DATA PROVIDED:
- - - - - - -
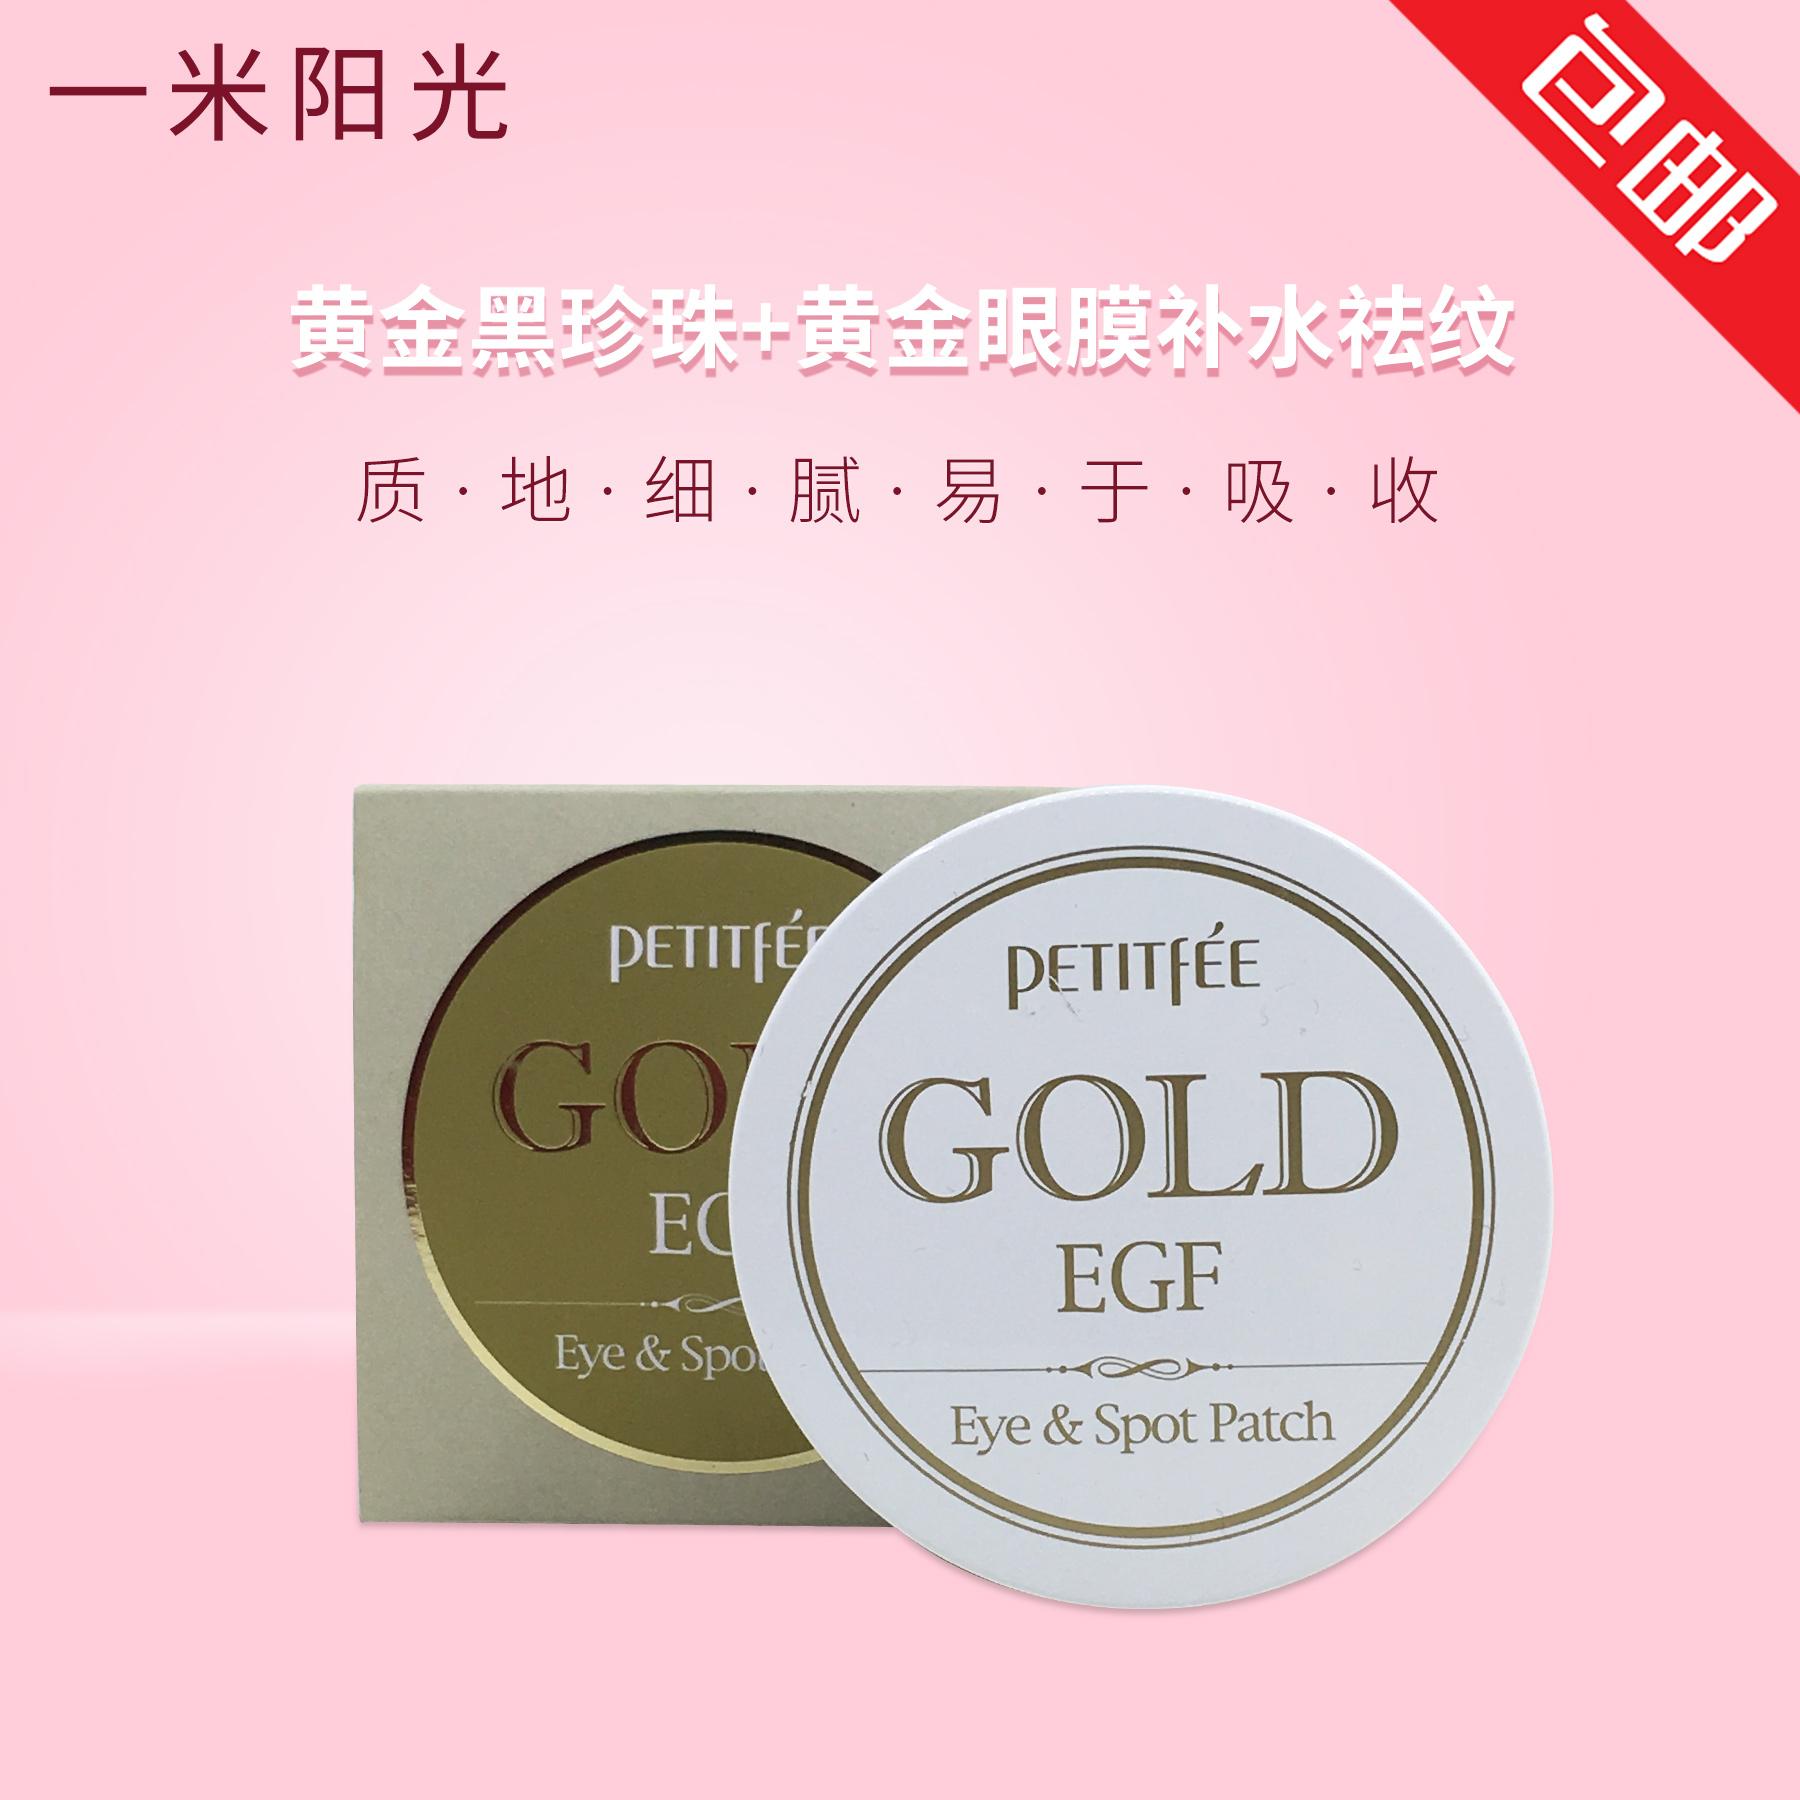 珍珠璞帝妃PETITFEE黄金黑韩国+黄金眼膜补水祛纹包邮
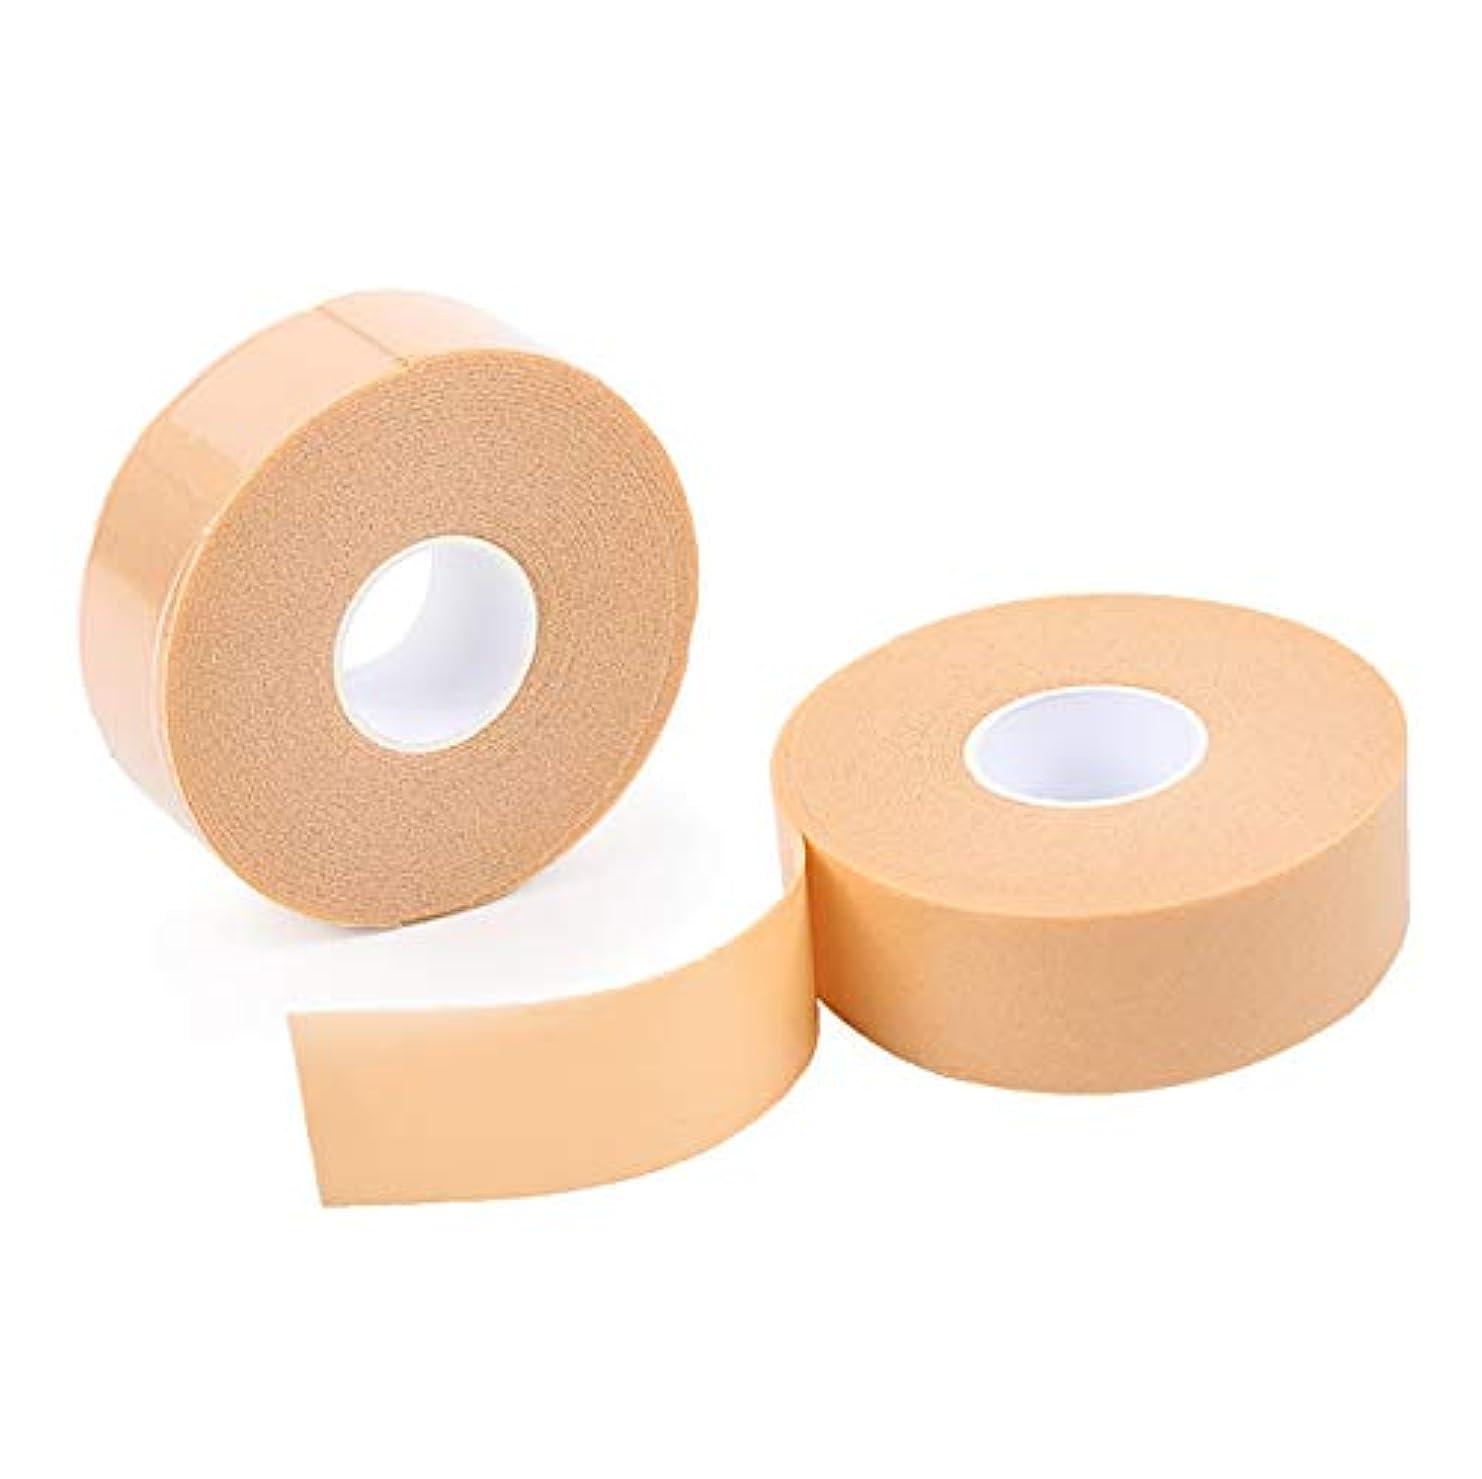 見て拷問シェアHAMILO 保護テープ 靴ズレ かかと 足用パッド 傷テープ 厚手タイプ 手で切れる 滑り止め (4個セット)
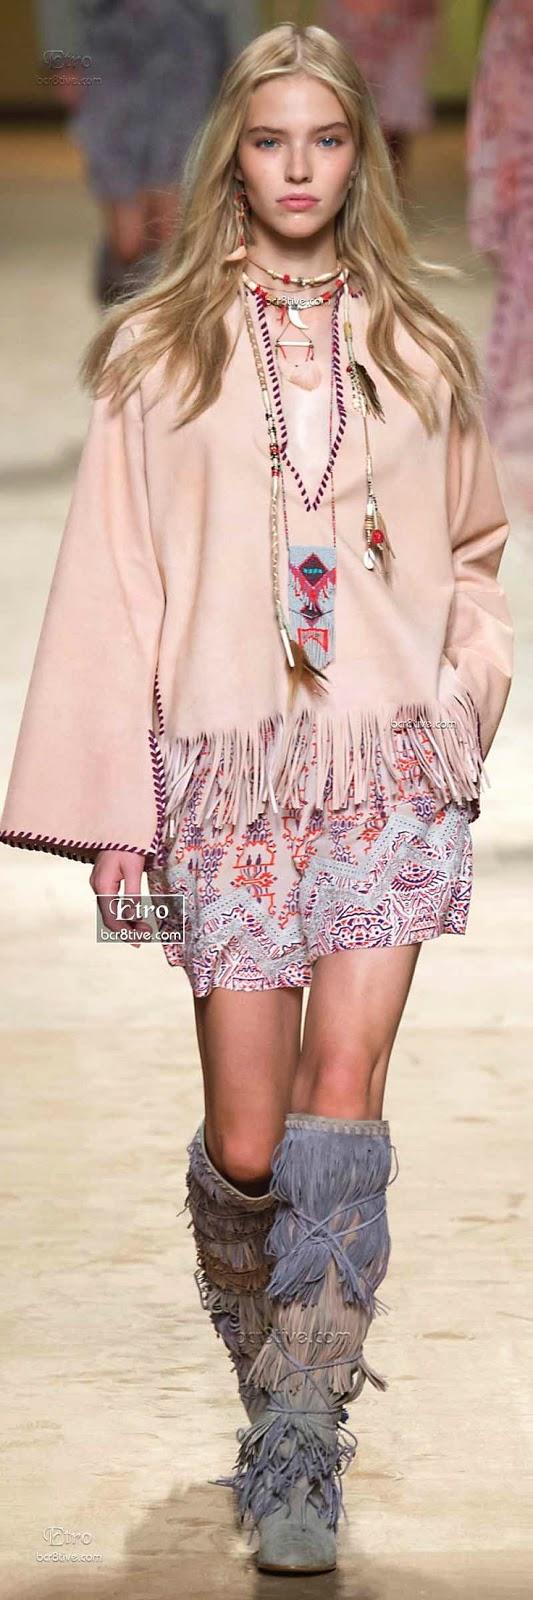 Tendências moda primavera-verão 2015 étnico
- - - - - - -
REQUIREMENT: Your task is to repeat the listing exactly while omitting its pictures.

ANSWER SPACE:
 珍珠璞帝妃PETITFEE黄金黑韩国+黄金眼膜补水祛纹包邮
 見て拷問シェアHAMILO 保護テープ 靴ズレ かかと 足用パッド 傷テープ 厚手タイプ 手で切れる 滑り止め (4個セット)
 Tendências moda primavera-verão 2015 étnico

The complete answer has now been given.